Defesa das instituições
O governador do Rio Grande do Sul também reforçou a importância de respeitar o papel das instituições democráticas e lembrou que o processo contra Bolsonaro e seus aliados segue um rito legal.
“Tem um inquérito policial promovido pela Polícia Federal, vai para outra instituição, que é o Ministério Público Federal, e depois vai para outra instituição ainda, que é o STF, que tem ministros escolhidos por diferentes presidentes da República, chancelados pelo Congresso Nacional, e que vão tomar uma decisão em um órgão colegiado”, explicou.
Leite ainda destacou que houve uma série de ações que buscaram descredibilizar as eleições e que essas circunstâncias precisam ser avaliadas pelo Supremo. “Falar de anistia não me parece nada adequado do ponto de vista do amadurecimento institucional brasileiro”, disse.
Contexto do julgamento
O julgamento de Bolsonaro e de outros réus acusados de participação nos atos de 8 de janeiro teve início nesta semana. Durante a primeira sessão, o ministro Alexandre de Moraes, relator do caso, rejeitou o argumento da pacificação como justificativa para anistia.
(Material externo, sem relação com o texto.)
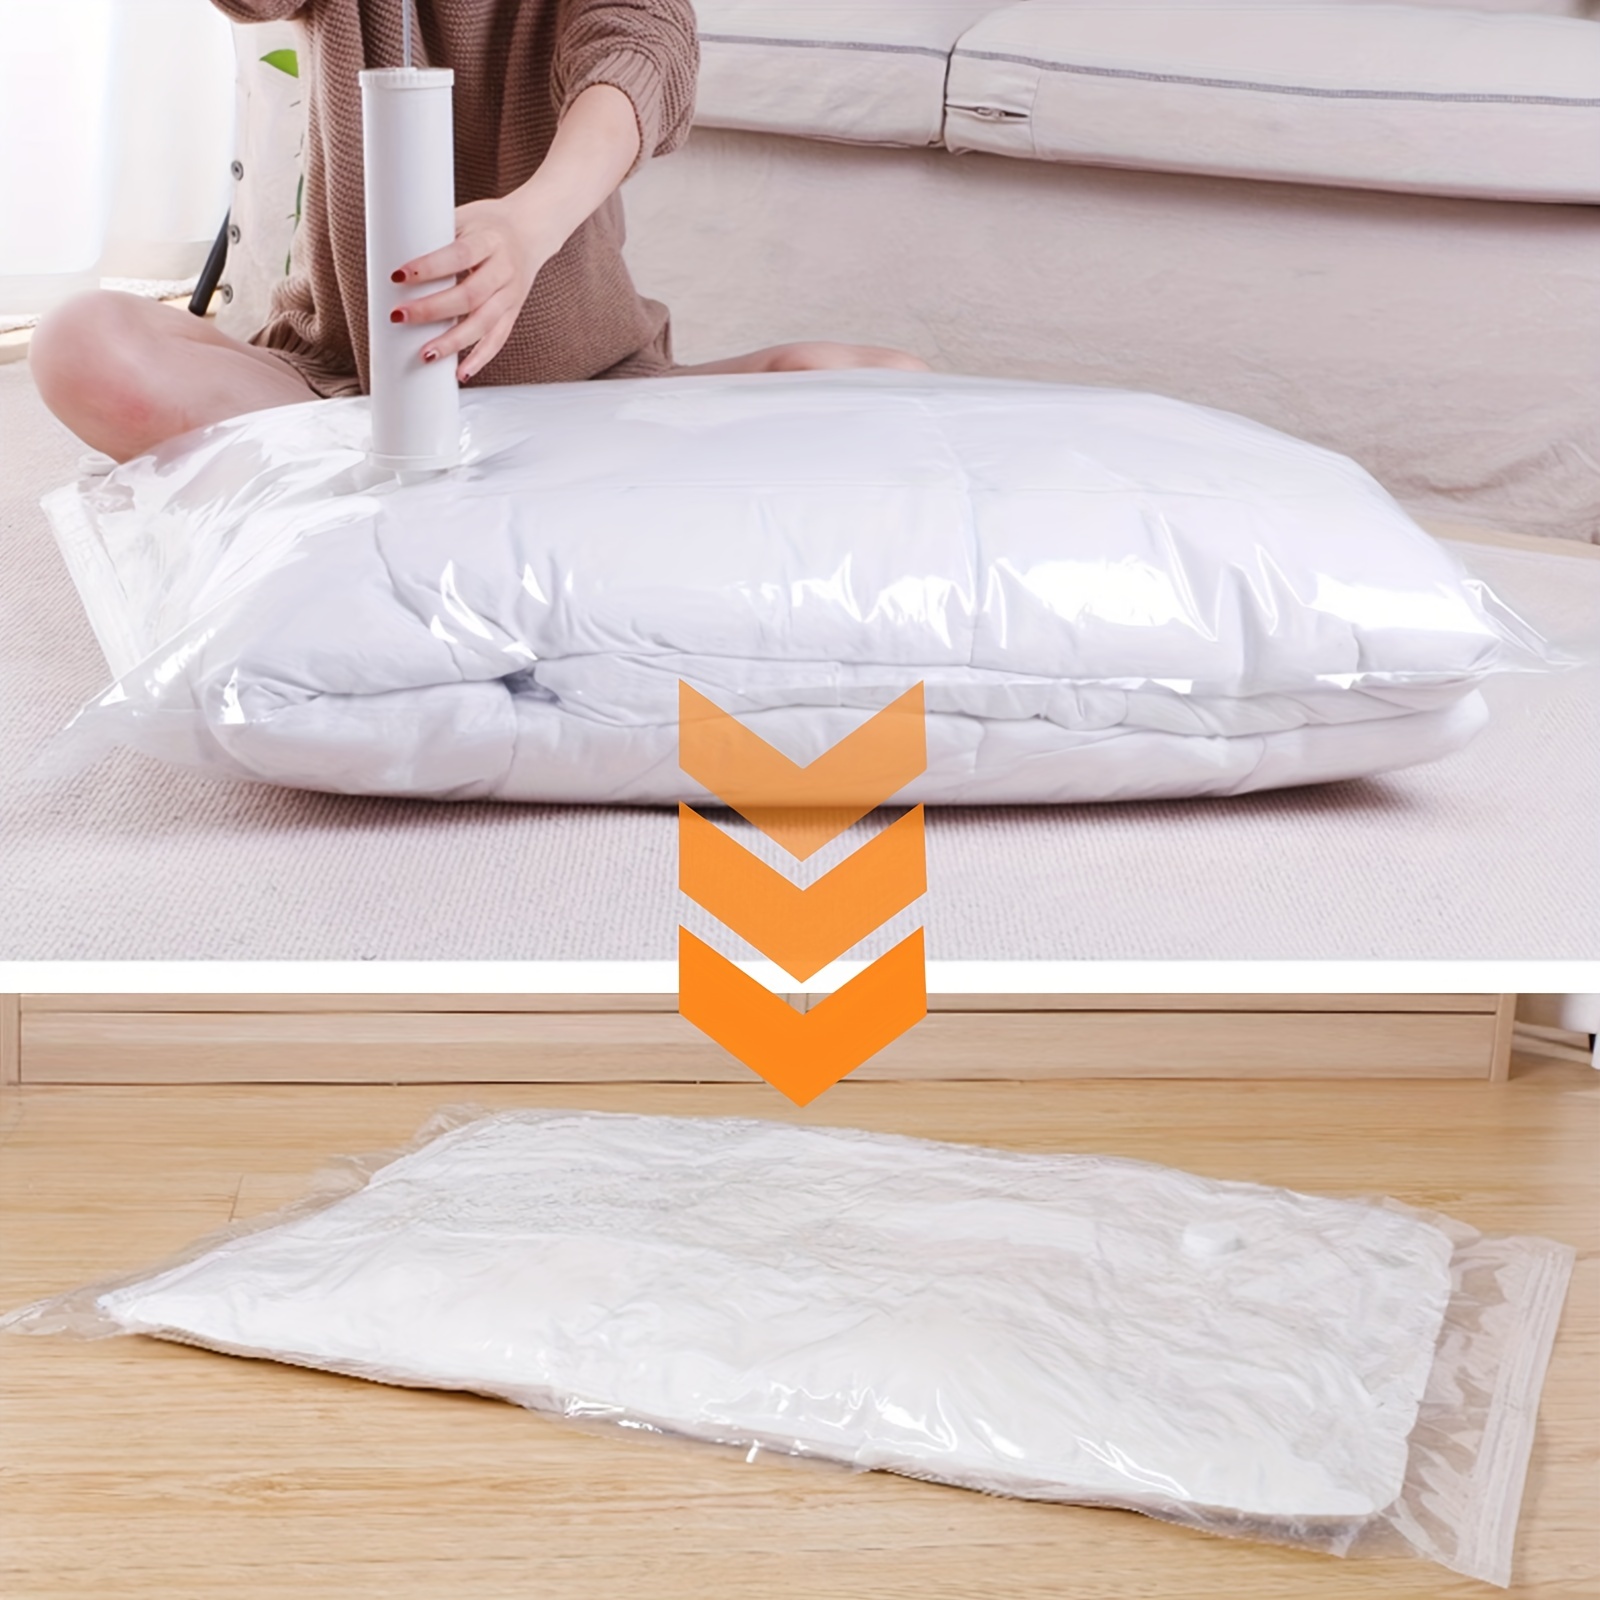 Jumbo Vacuum Storage Bags - Free Up 80% Space For Clothes, Bedding

“O caminho aparentemente mais fácil, que é da impunidade e da omissão, deixa cicatrizes traumáticas à sociedade e corrói a democracia, como lamentavelmente o passado recente do Brasil demonstra”, disse Moraes.
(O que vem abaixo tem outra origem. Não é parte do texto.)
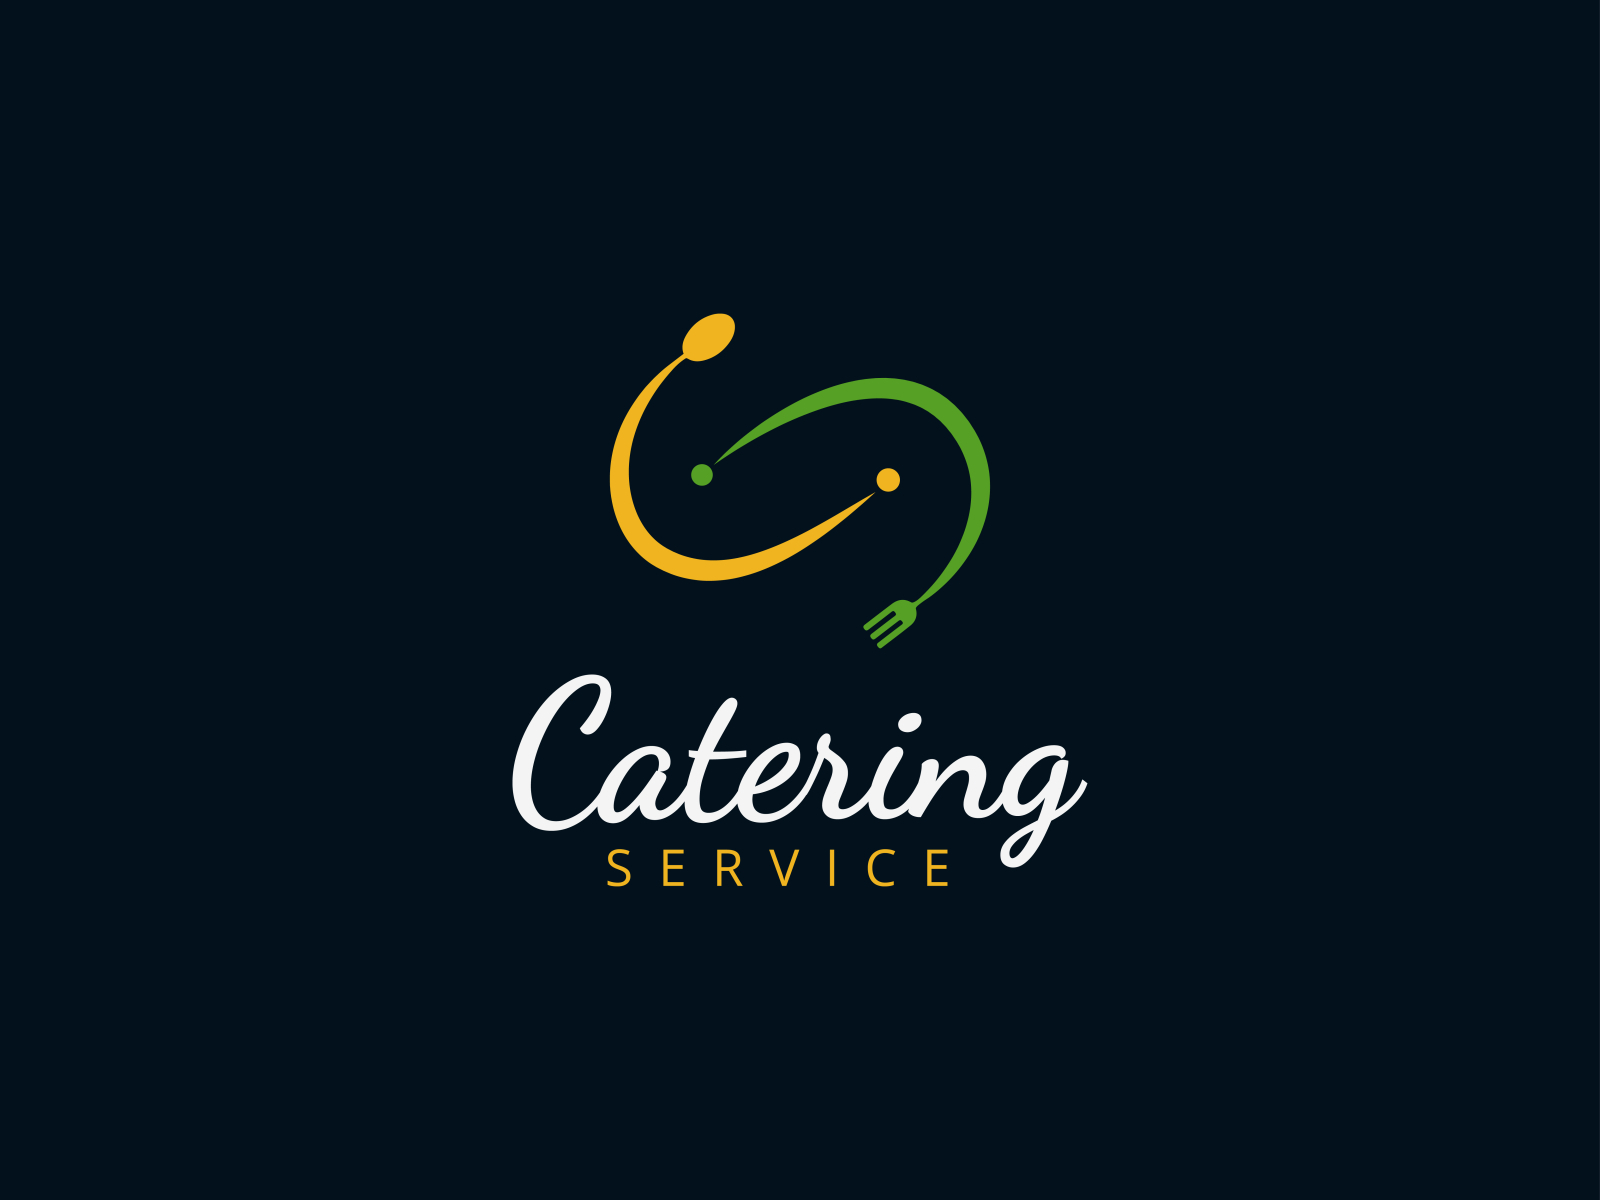 Catering Service Logo by Arup Baidya on Dribbble

Ele ainda reforçou que confundir pacificação com impunidade pode abrir espaço para novas tentativas de golpe de Estado.
Implicações políticas
As declarações de Eduardo Leite surgem em um momento de movimentação intensa no cenário político nacional. De um lado, Tarcísio de Freitas e Romeu Zema ensaiam consolidar suas posições como possíveis sucessores de Bolsonaro no campo da direita. De outro, o Supremo Tribunal Federal busca impor responsabilização aos envolvidos nos ataques de 8 de janeiro.
Ao se posicionar contra a anistia a Bolsonaro, Leite reforça sua imagem como defensor da legalidade institucional, ainda que se distancie de potenciais aliados eleitorais em 2026. A postura também marca diferença em relação ao discurso de pacificação defendido por parte da oposição, sinalizando uma disputa de narrativas sobre como o País deve lidar com os episódios golpistas.